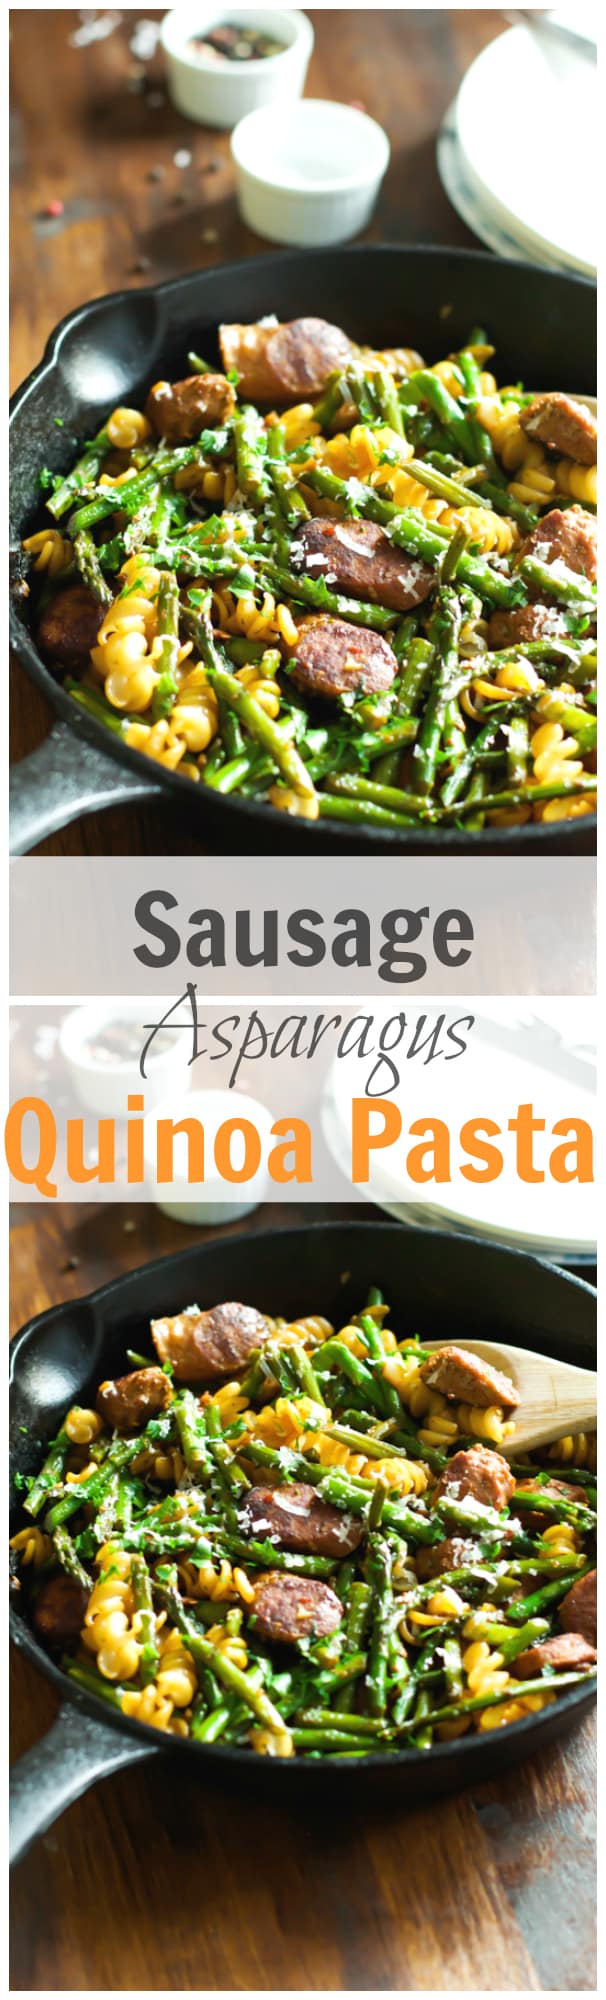 Sausage Asparagus Quinoa Pasta
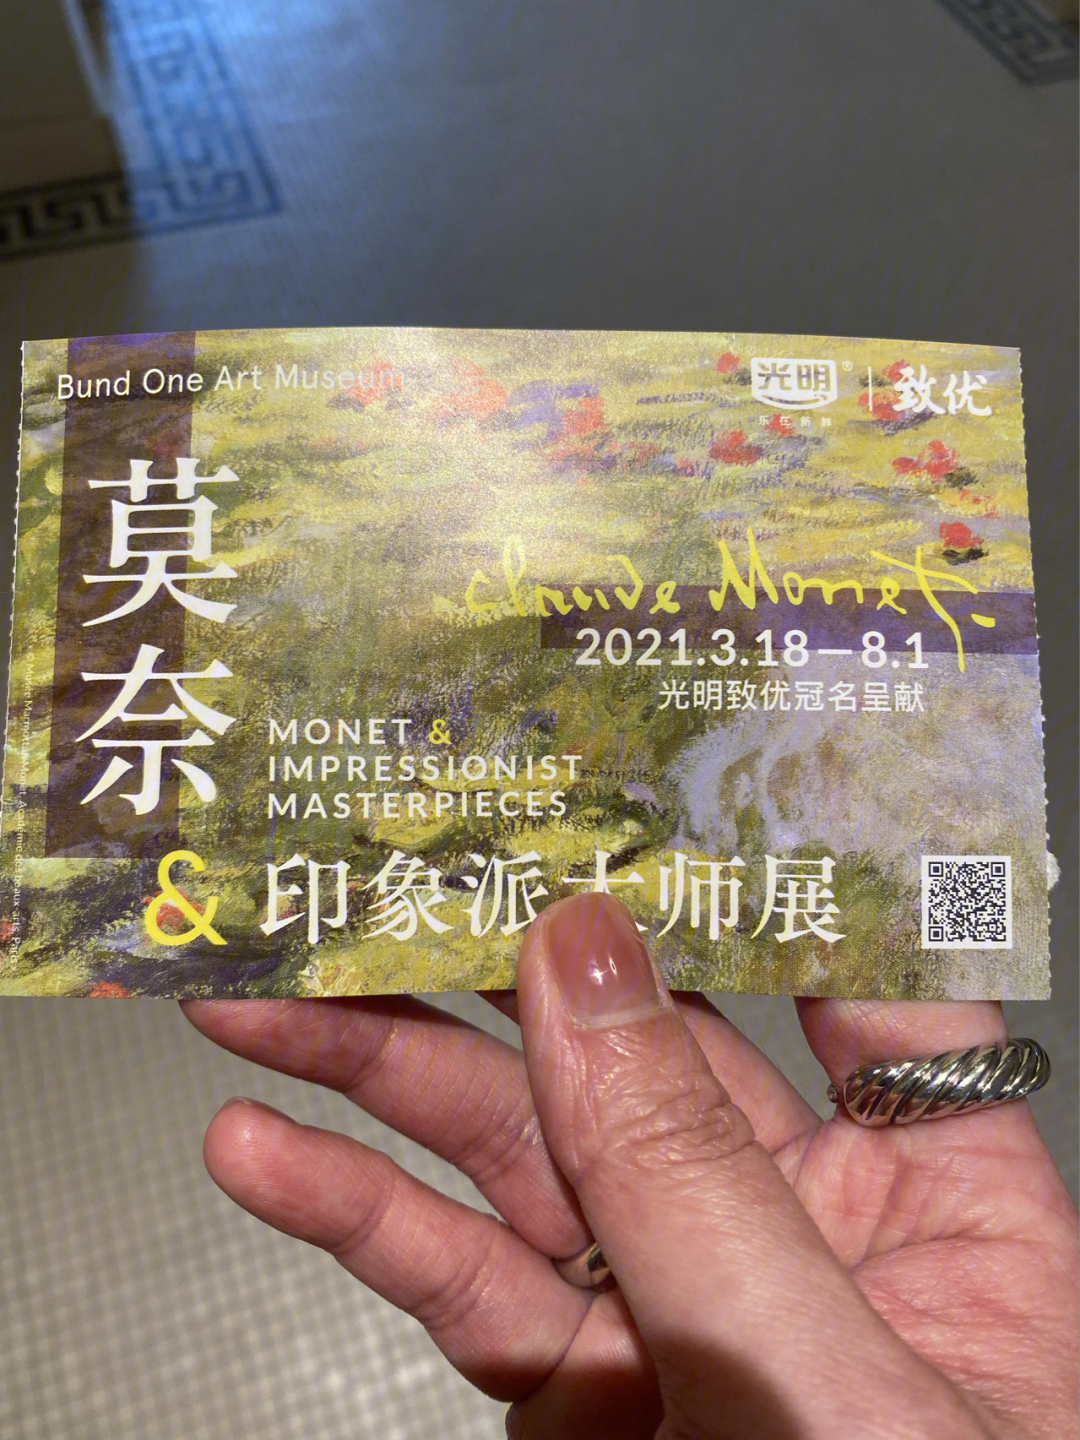 上海莫奈展门票图片
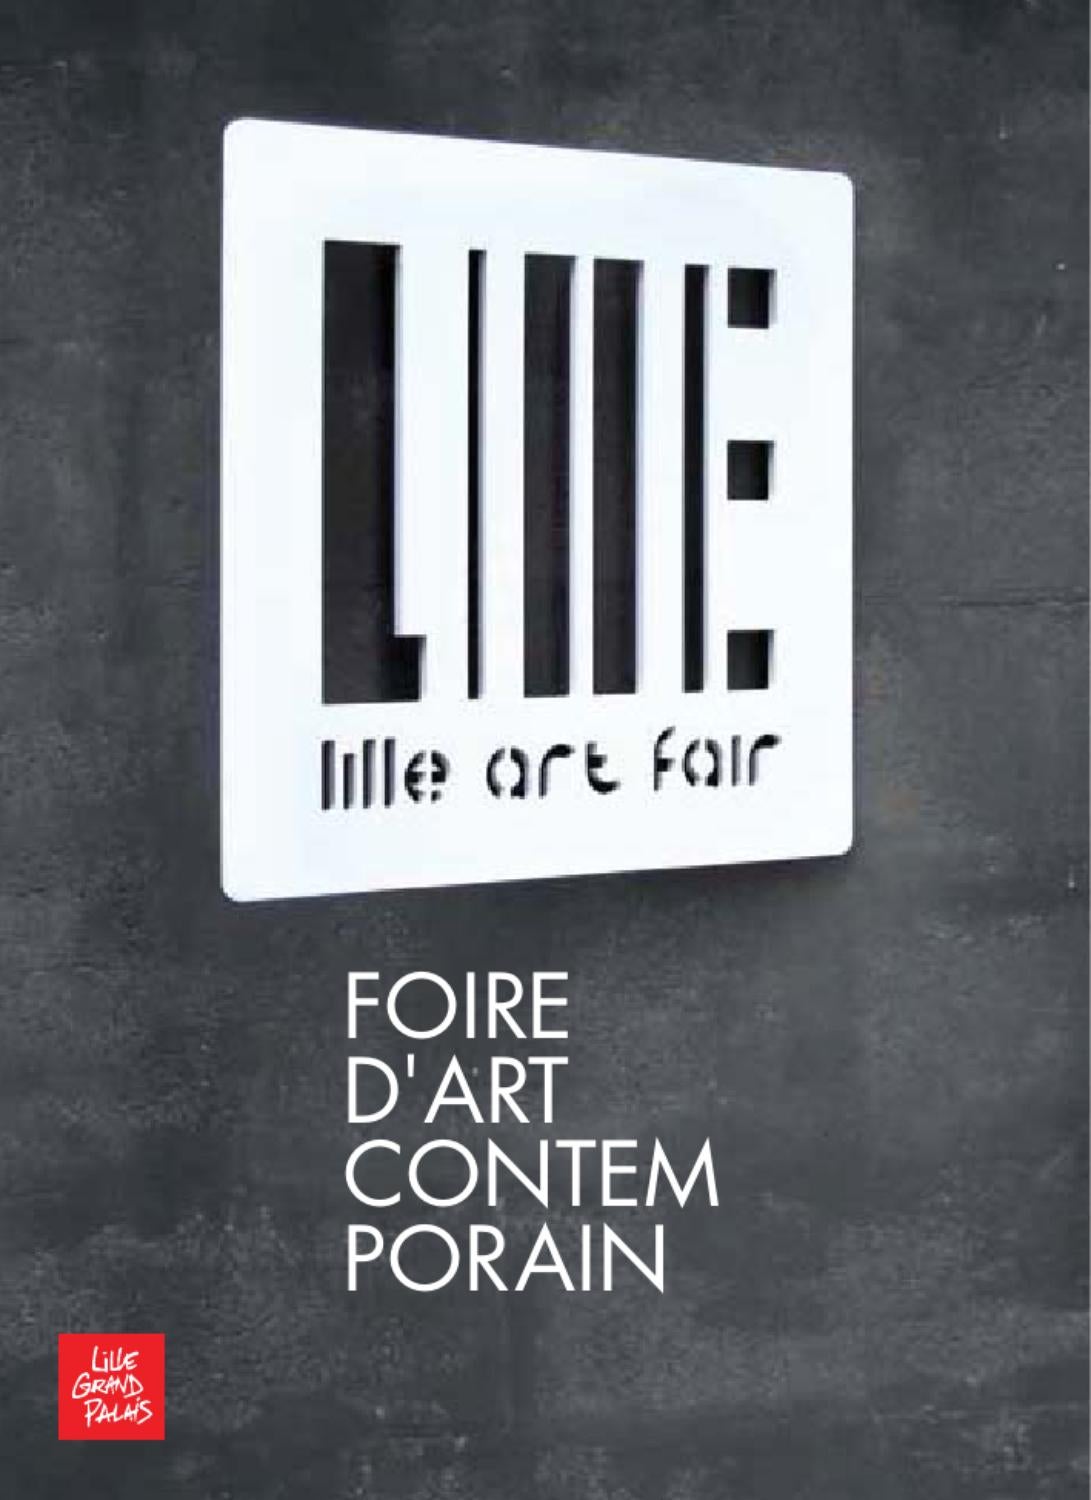 Lille Art Fair – Francia – 2013
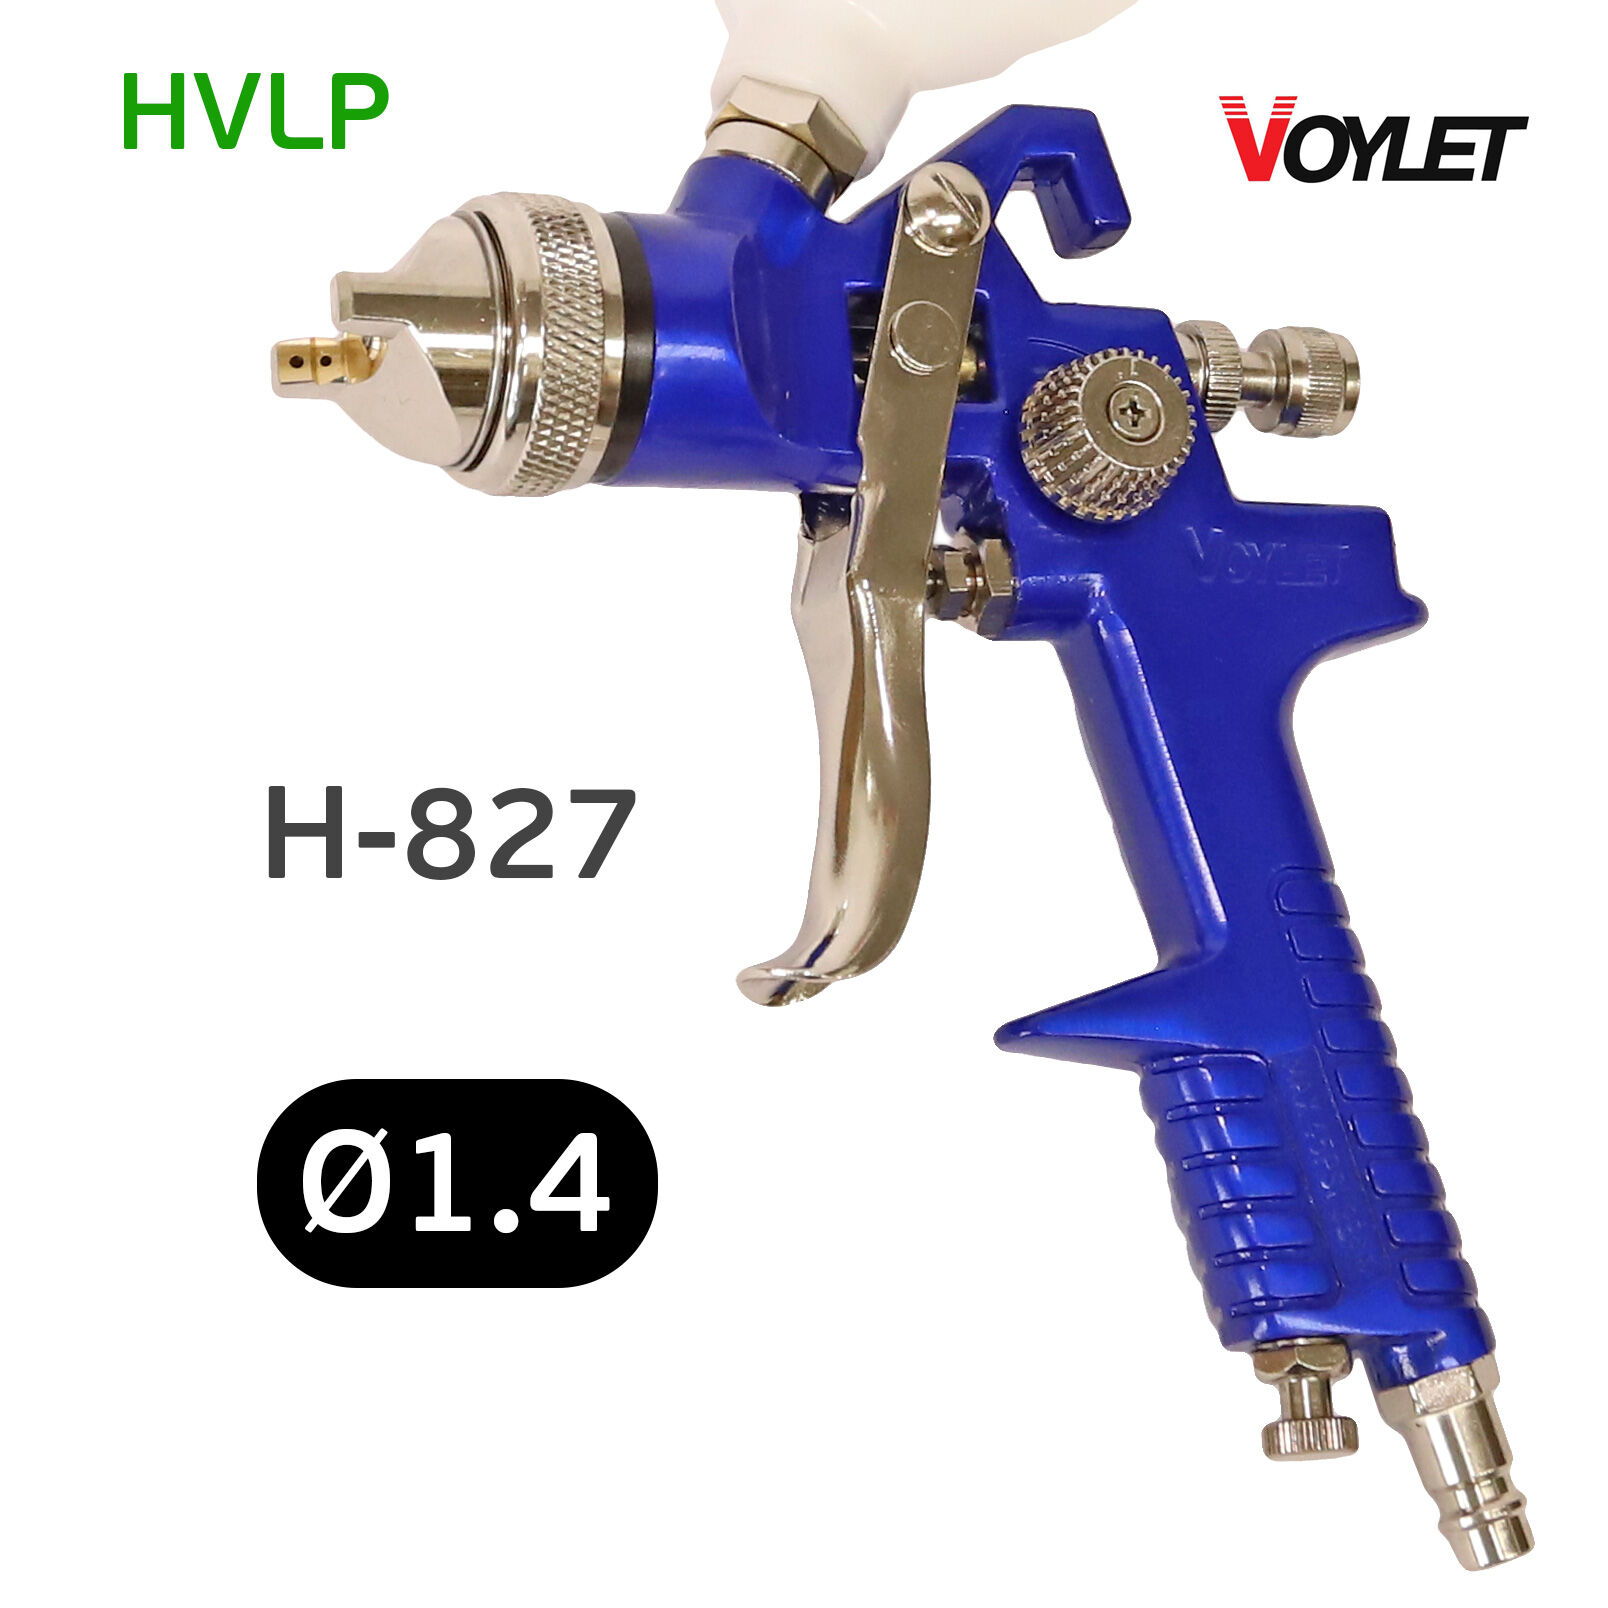 Краскопульт Voylet H-827 HVLP 1,4мм универсальный, верхний бачок

Task directions: Copy all of the listing word for word, minus the images.

Result of this task:
 Sausage Asparagus Quinoa Pasta
 上海莫奈展门票图片
 Lille Art Fair – Francia – 2013
 Краскопульт Voylet H-827 HVLP 1,4мм универсальный, верхний бачок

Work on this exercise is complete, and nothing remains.